The figure below shows the frame divided into simple free bodies. External loads

Question

The figure below shows the frame divided into simple free bodies. External loads, support reactions and unknown end forces are applied to each free body. Note that there are two unknown end forces where free bodies are connected in the complete structure by pin. There are two unknown end forces and a moment where free bodies are rigidly connected in the complete structure. For equilibrium of connections unknown end forces and moments are applied to the connected free bodies in opposite directions. Consider equilibrium of each free body and calculate unknown end forces.

Correct answers provided:

Hc = 1

Vc = 1

He = 1

Ve = 1

Me = -6

Hf = 0

Vf = 2

Explanation / Answer

First consider ABC

Let the direction of Vc be X axis and Hc be Y axis

As the body is in equilibrium,

Equationg forces in X direction, we get,

Vc - 1 = 0 ( since both are in the opposite direction)

Vc = 1

In the Y direction,

Hc + 1 - 2 = 0

Hc = 1

Now consider CDE,

Here X direction is along Hc

Y direction along Ve

Equationg forces in X direction, we get,

Hc - He = 0

He = 1

Equationg forces in Y direction, we get,

Ve - Vc = 0

Ve = 1

Now equate moments about the point E,

moment due to Vc = 1*8 = 8 in the anti clockwise direction

(moment due to Hc = 0 since the line of action passes through the point considered)

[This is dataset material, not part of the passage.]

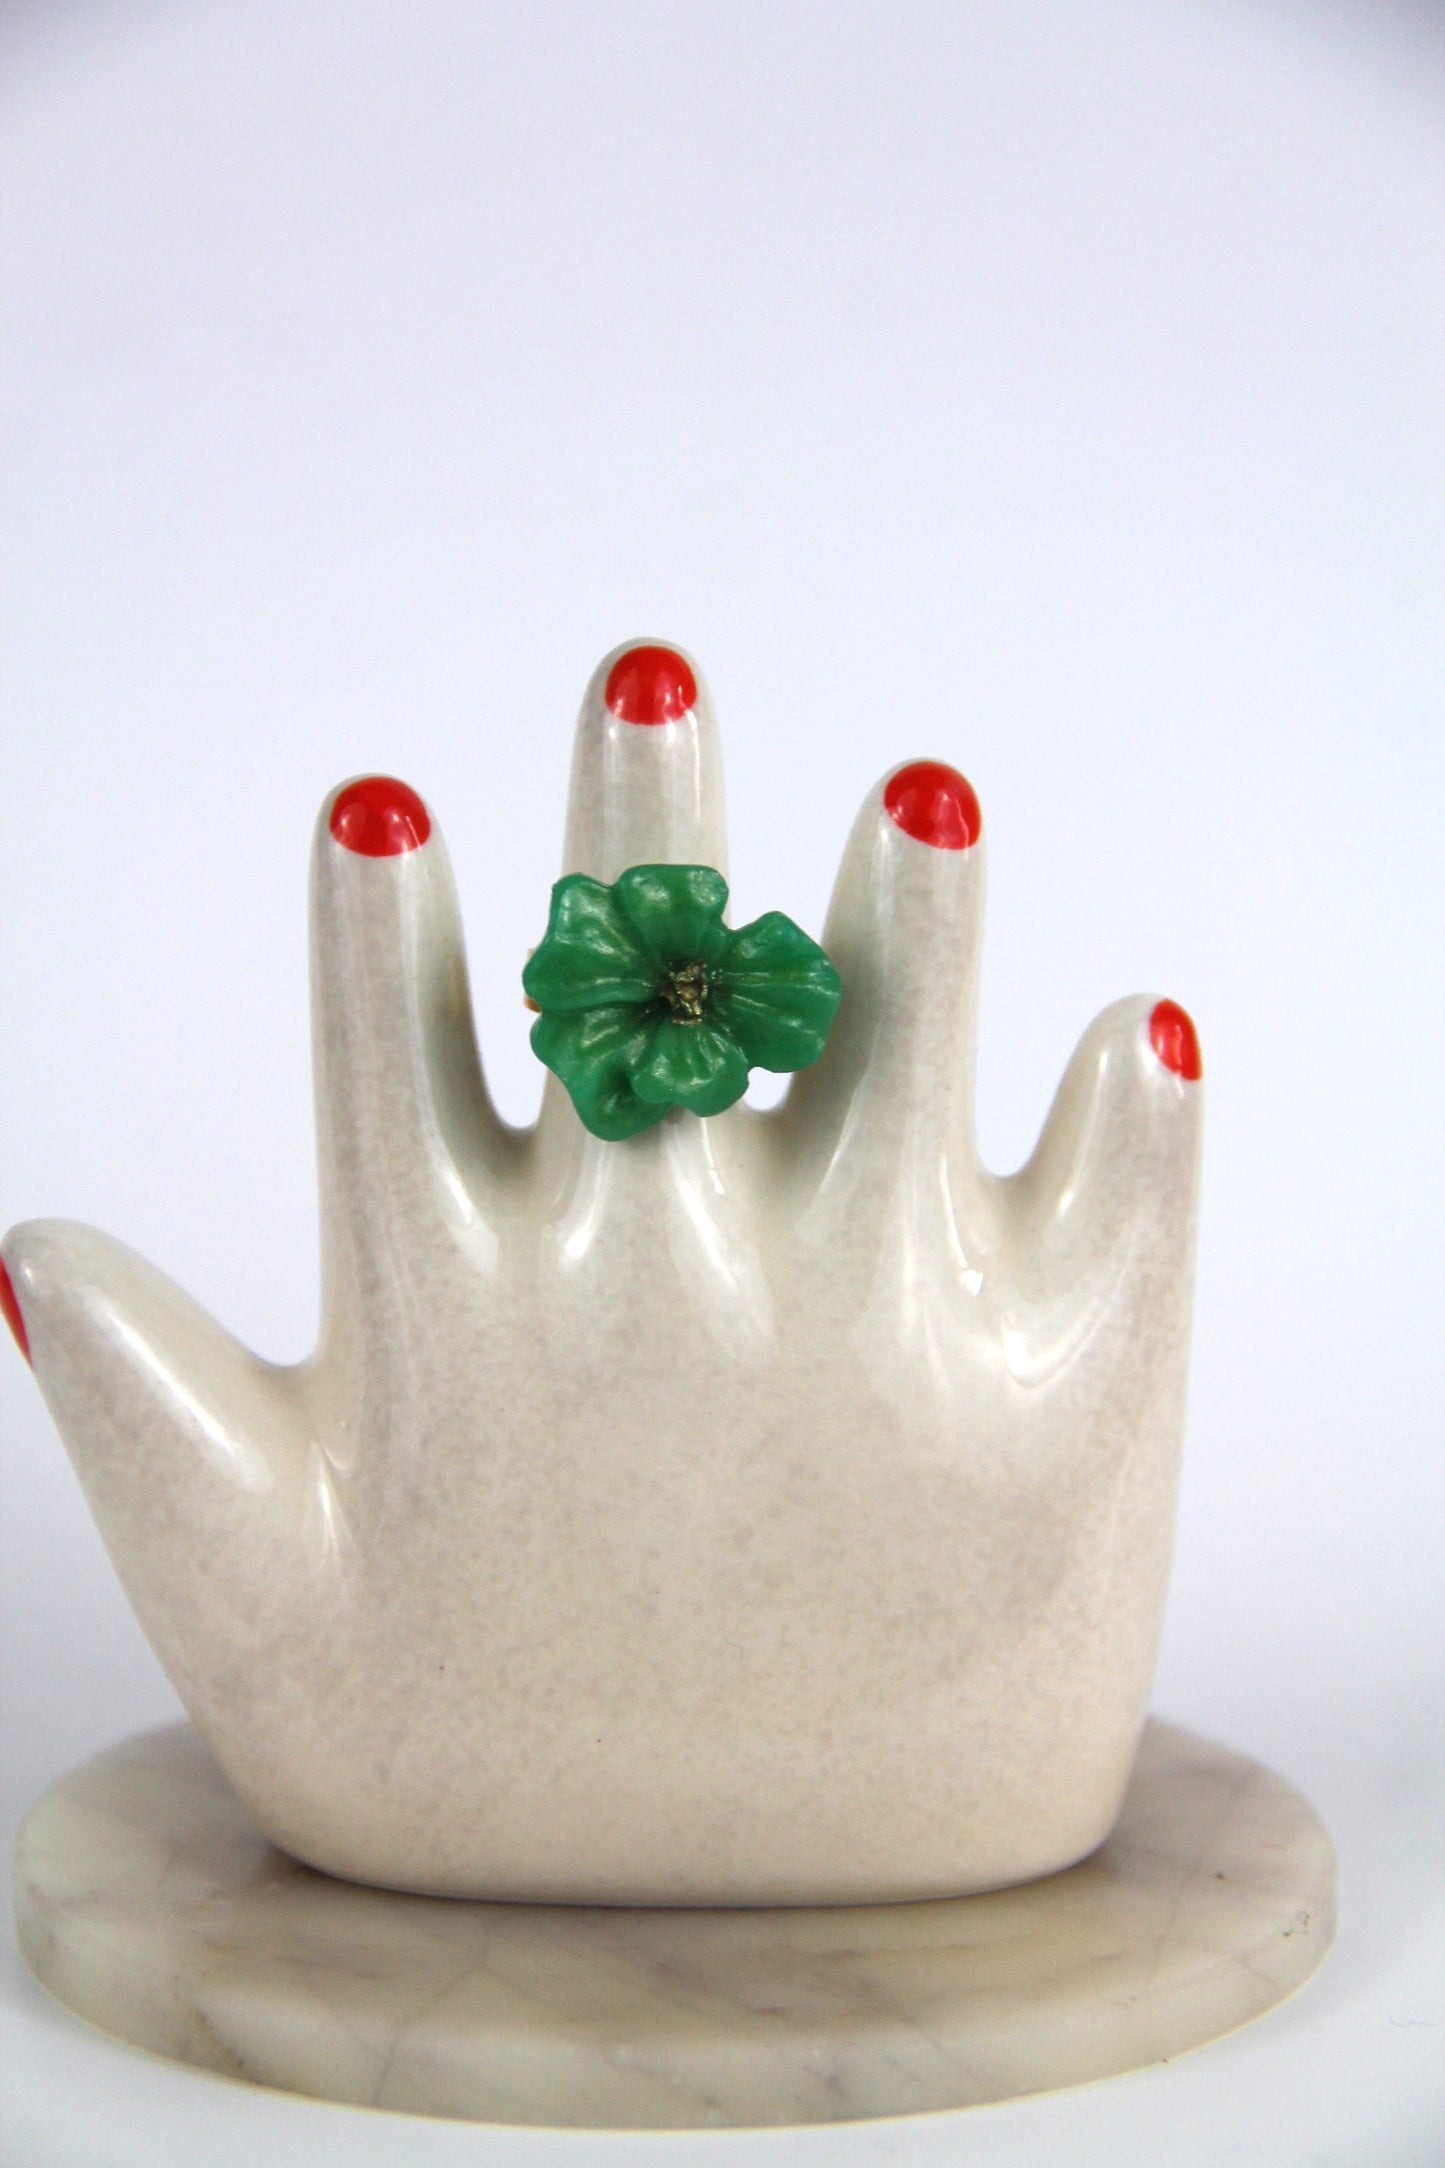 Flower Power ring - Buttercup - Jade green

moment due to moment at D = 2 in the clockwise direction

Me + 8 - 2 = 0

Me = -6

Now consider EFG

Let the direction of He be X axis and 3 be Y axis

Equating forces along X direction, we get He - Hf -1 = 0

Hf = 0

Equating forces along Y direction,

3 -Ve - Vf = 0

Vf = 2

The same can be confirmed by substituting in the equations for the figure FJK.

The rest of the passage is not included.